Известны способы получения убихинона-10 при помощи дрожжей из р. р. Сandida, Rhodotorula, Torulopsis, Sporidiobolus и др., предусматривающие культивирование дрожжей в периодических условиях на глюкозосодержащей среде с дрожжевым и кукурузным экстрактами и минеральными солями в аэробных условиях [1,2].

Наиболее близким к заявляемому техническому решению является способ получения убихинона-10 при помощи культуры Сryptococcus curvatus ВКМ 2230, которая при выращивании на среде, содержащей глюкозу (3%), дрожжевой (0,4%) и кукурузный (0,1%) экстракты, минеральные источники азота, фосфора, некоторые минеральные соли, а также этанол (2% по объему), накапливает убихинон-10 в количестве 0,5-0,6 мг/г сухой биомассы, максимальное накопление убихинона-10 в 1 л культуральной жидкости составляло 4,02 мг, при содержании биомассы в среде 6,7 г [3].

Недостатками этого способа являются низкий выход биомассы, невысокое накопление убихинона-10 в 1 л культуральной жидкости, а также высокая стоимость 1 л среды за счет больших количеств дорогостоящего дрожжевого экстракта в ферментационной среде.

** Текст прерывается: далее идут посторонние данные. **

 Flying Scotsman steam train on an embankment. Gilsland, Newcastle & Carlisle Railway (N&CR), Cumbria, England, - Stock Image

Целью изобретения является повышение выхода биомассы, увеличение выхода убихинона-10 с 1 л культуральной жидкости, снижение стоимости ферментационной среды.

Это достигается путем культивирования дрожжей С.сurvatus ВКМ 2230 в аэробных условиях на среде, содержащей в качестве основного компонента молочную сыворотку 40-56%, дрожжевой экстракт 0,1-0,2%, минеральные источники азота, фосфора, некоторые минеральные соли, при этом в процессе ферментации вносят глюкозу для поддержания концентрации ее в среде в пределах 1,2-2,6%, сульфат или хлорид аммония 0,05-0,3%, а за 10-25 ч до окончания ферментации вносят 3-5% (по объему) этанола.

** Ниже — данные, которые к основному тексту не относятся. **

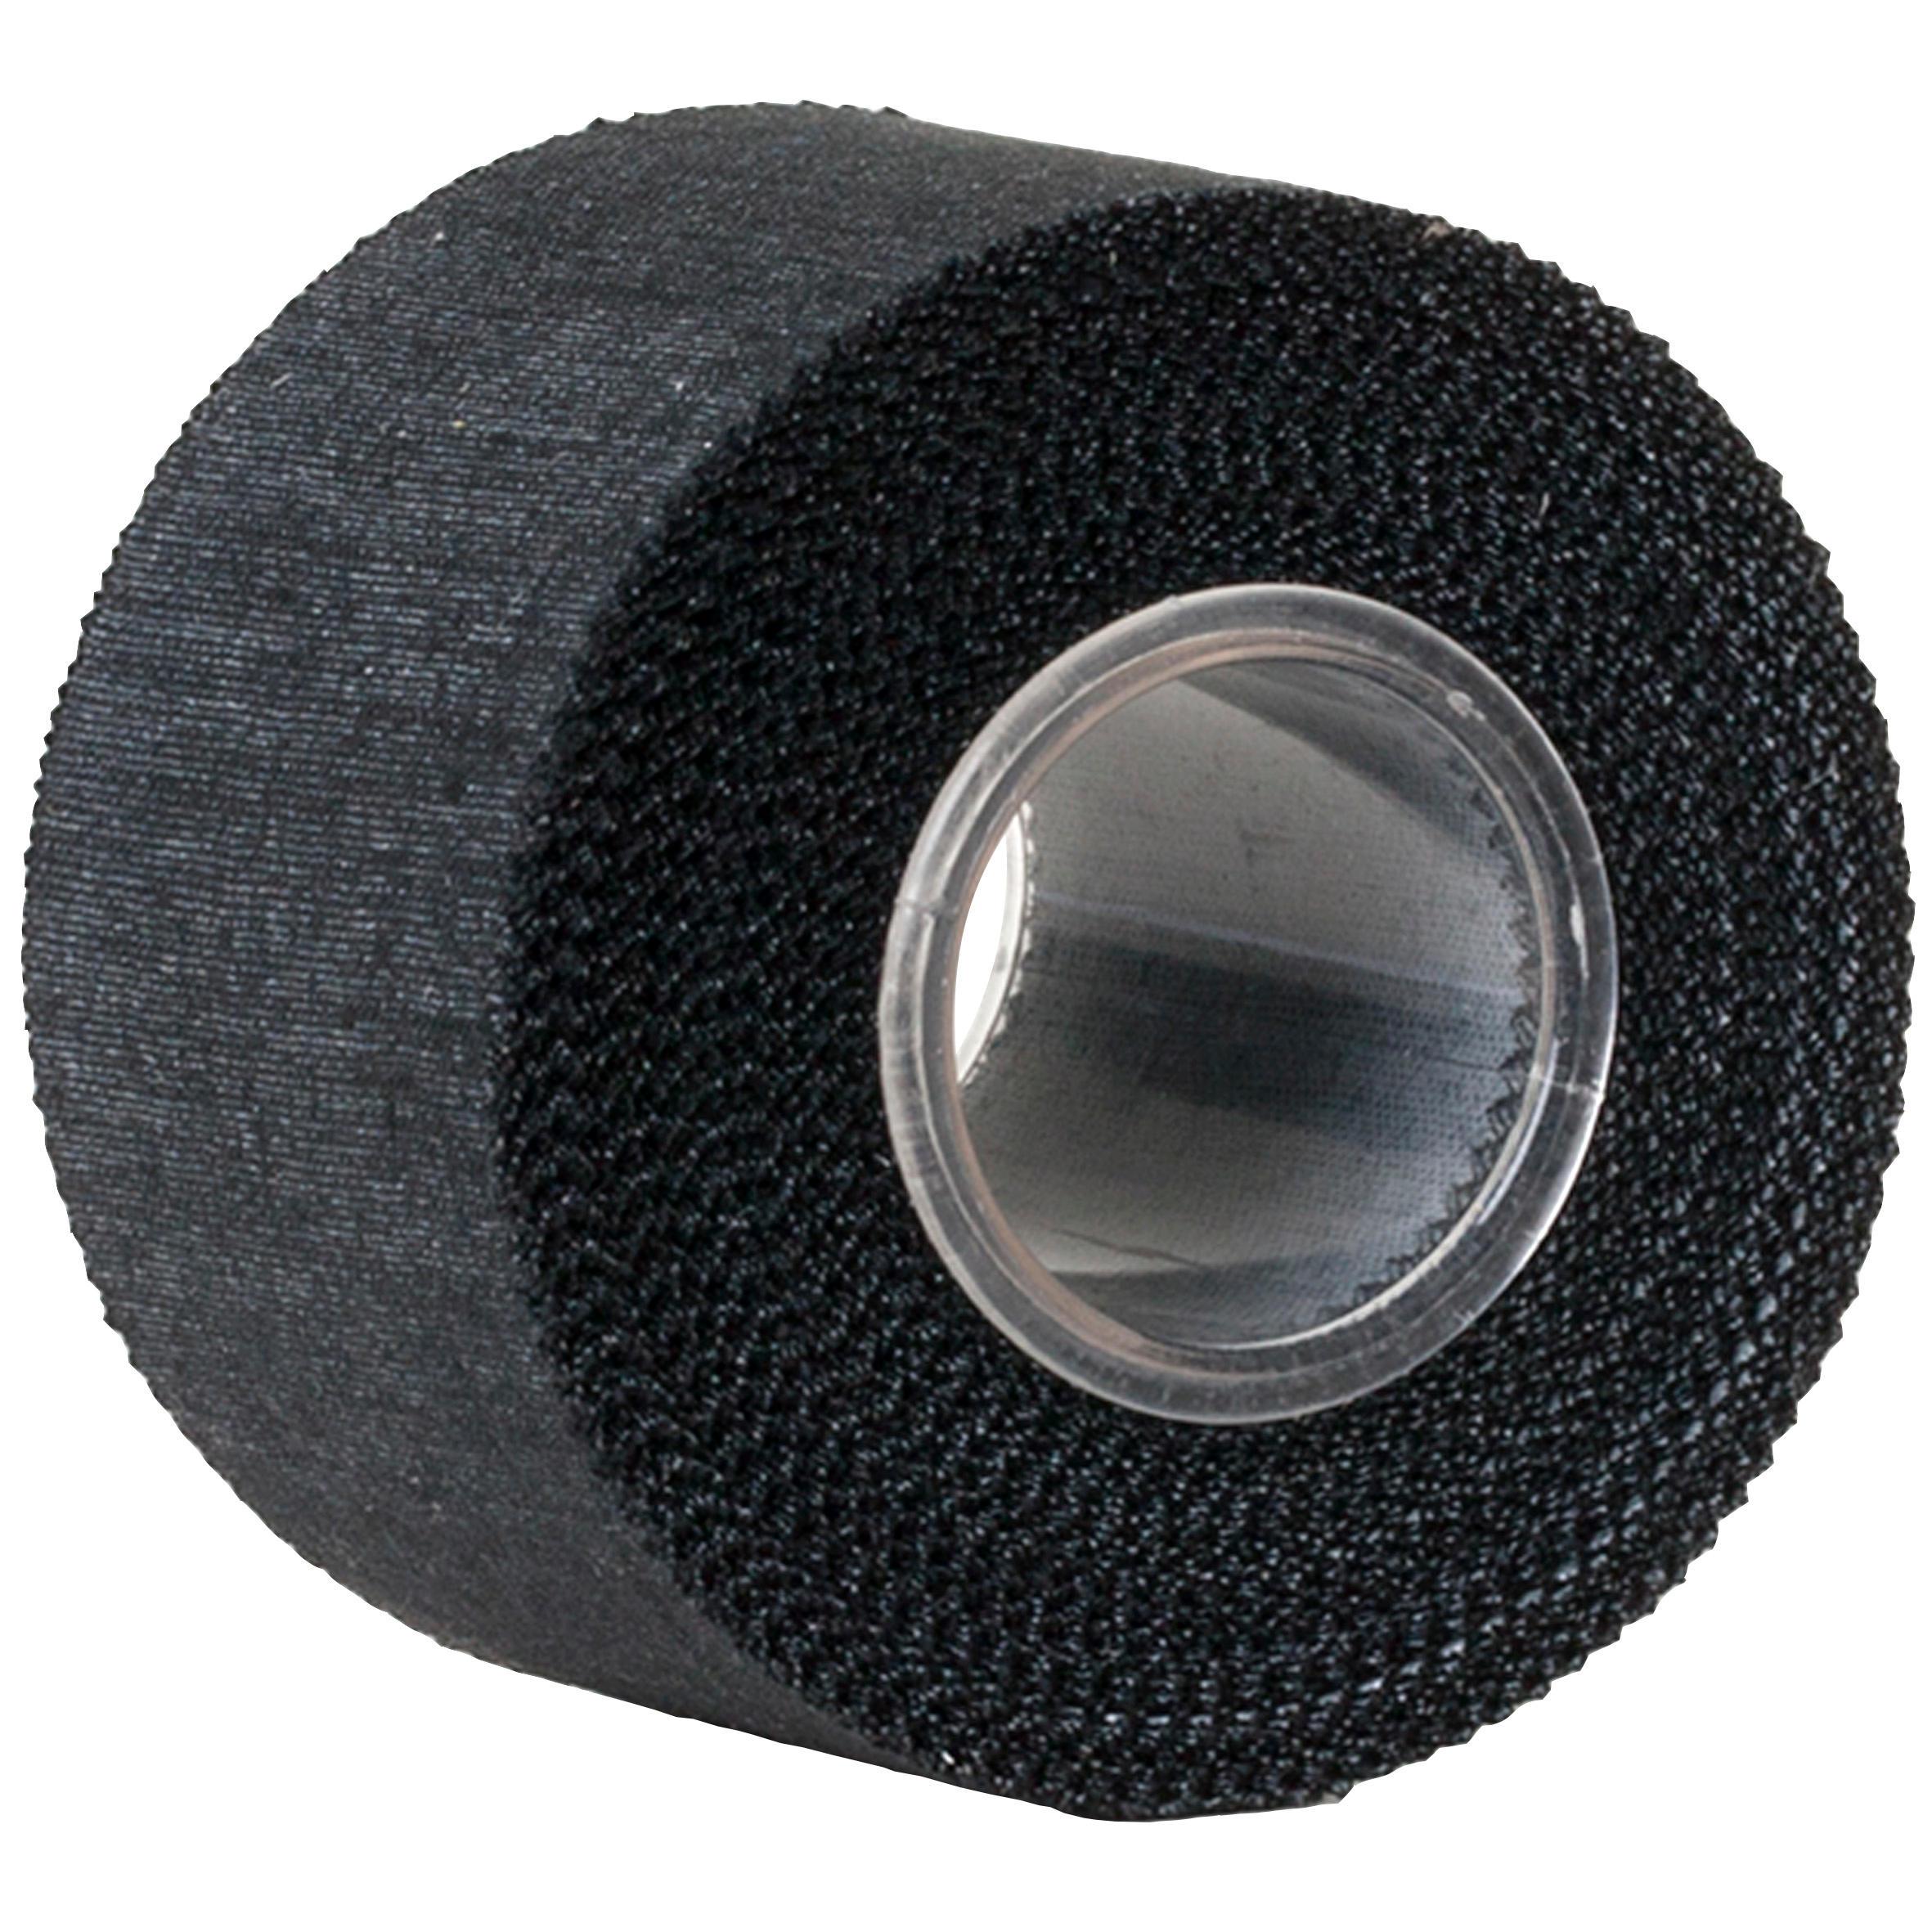 Rigid Strap Tape - Black

Использование в составе среды дешевого сырья - крупнотоннажного отхода производства - молочной сыворотки, которая служит источником углерода, витаминов, микроэлементов и т.д., обеспечивает накопление большого количества биомассы. Молочная сыворотка добавляется в среду в количестве 40-56% по объему. Добавление ее в меньшем или большем количестве приводит к снижению выхода убихинона-10 с 1 л культуральной жидкости за счет снижения выхода биомассы в первом случае и снижения удельного содержания убихинона-10 во втором. Добавление глюкозы в среду необходимо не только для увеличения биомассы. Поддержание концентрации глюкозы в среде в пределах 1,2-2,6% является необходимым условием повышения содержания убихинона-10 в клетках (до 0,2-0,5 мг/г СБ), в противном случае на среде только с молочной сывороткой содержание убихинона-10 в них очень низкое, 0,05 мг/г сухой биомассы и менее.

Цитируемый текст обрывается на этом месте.